Murasaki_Ducky's picture
Murasaki_Ducky from Austin is reading The Vampire Lestat by Anne Rice October 14, 2015 - 2:56pm

@Phil: Don't know if you found the answers you were looking for but here's my two cents: learn from every source possible. I'm taking this slightly out of context from my late English professor. Granted, when he made this statement, he was referring to grad school and education in general but I believe it still applies. He said that if we really wanted to be well-rounded, educated individuals, we should go out and experience life. If at that point we decided to go to grad school, he told us to get away from our school, to seek our Master's in a different city, different state if possible.
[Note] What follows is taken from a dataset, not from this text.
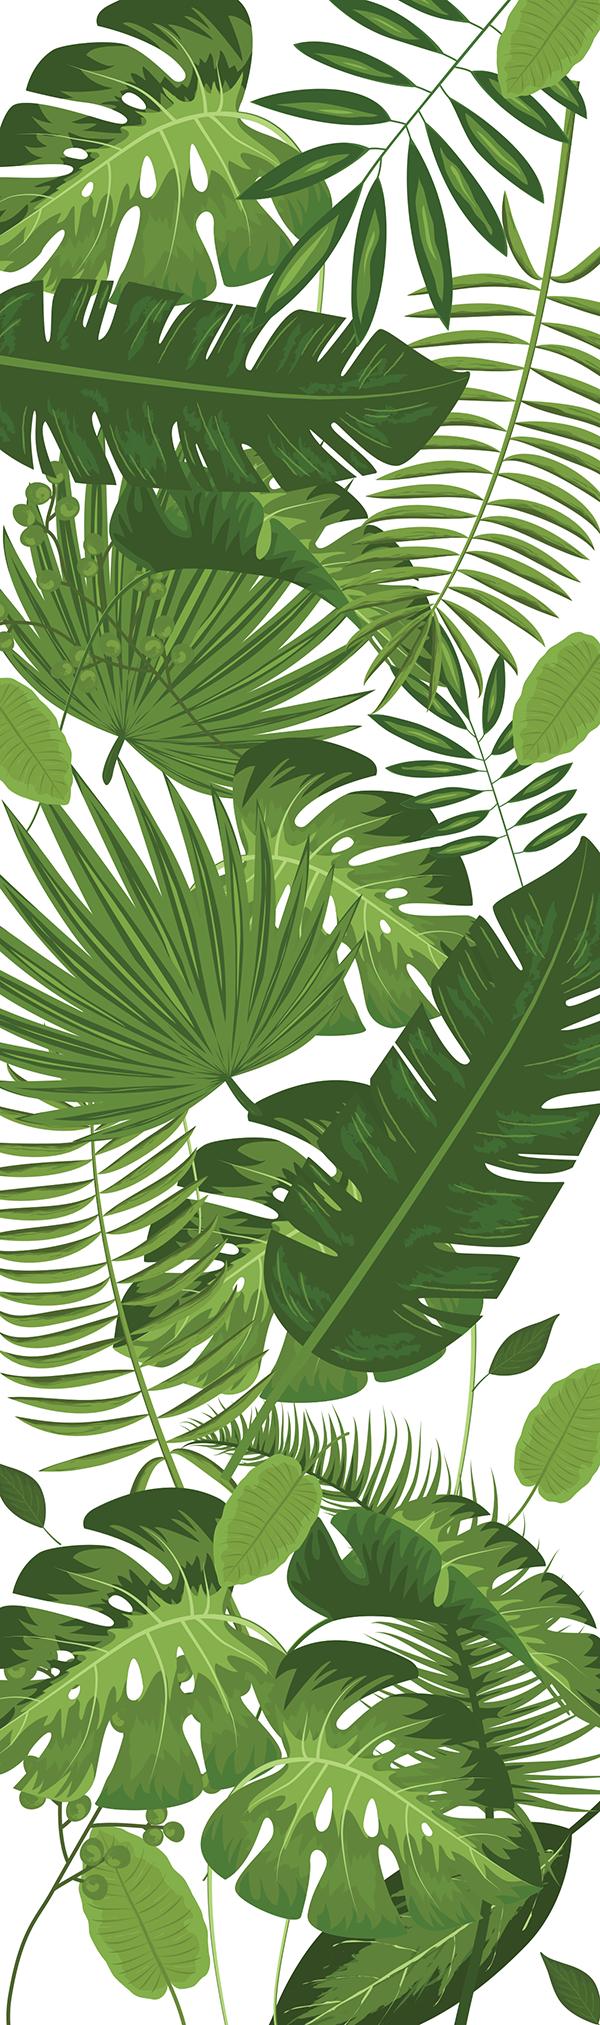 TENSTICKERS. ジャングルの木冷蔵庫ラップデカール. 冷蔵庫の表面を飾る装飾的な植物冷蔵庫ドアステッカー。必要なサイズがあり、簡単に適用できます。

He asked us how we expected to grow if we stayed in the same environment with the same stimulus? 

I think if we want to be "well-rounded" writers, we should learn from as many different authors as possible. With time, I think we'll naturally feel compelled to follow after the teachings of a select few authors but ultimately, if we continue our journey as readers, we will learn from the successes and failures of other authors. 

Phil Sykora's picture
Phil Sykora from Stow, OH is reading Grapes of Wrath by John Steinbeck October 8, 2014 - 5:43am

I'm really enjoying these essays.  I've always battled with the idea of studying fiction as a craft just because I like to follow Stephen King's rule of "read a lot; write a lot."  And that makes perfect sense, but he also said something along the lines of "you don't need any books on writing."  Which I kind of took as: don't read anything about craft.  Just learn it on your own.  But the more you know about the nuts and bolts of creation, the better.  Sometimes I think Stephen King gave that advice just because he couldn't put words to what he intrinsically knows through years of practice.

This brings me to a question I have for anyone reading this:

Is it better to try to find a mentor like Palahniuk did with Spanbauer, and then break off from that mentor (like in Robert Greene's Mastery?) or to take in as much information from as many different authors as possible until you've developed your own unique style?

Someone please answer.

JamestheBaker's picture
JamestheBaker from Oregon is reading The Number of the Beast by Robert A. Heinlein January 15, 2012 - 4:25pm

Fantastic essay. Will take this with me for sure.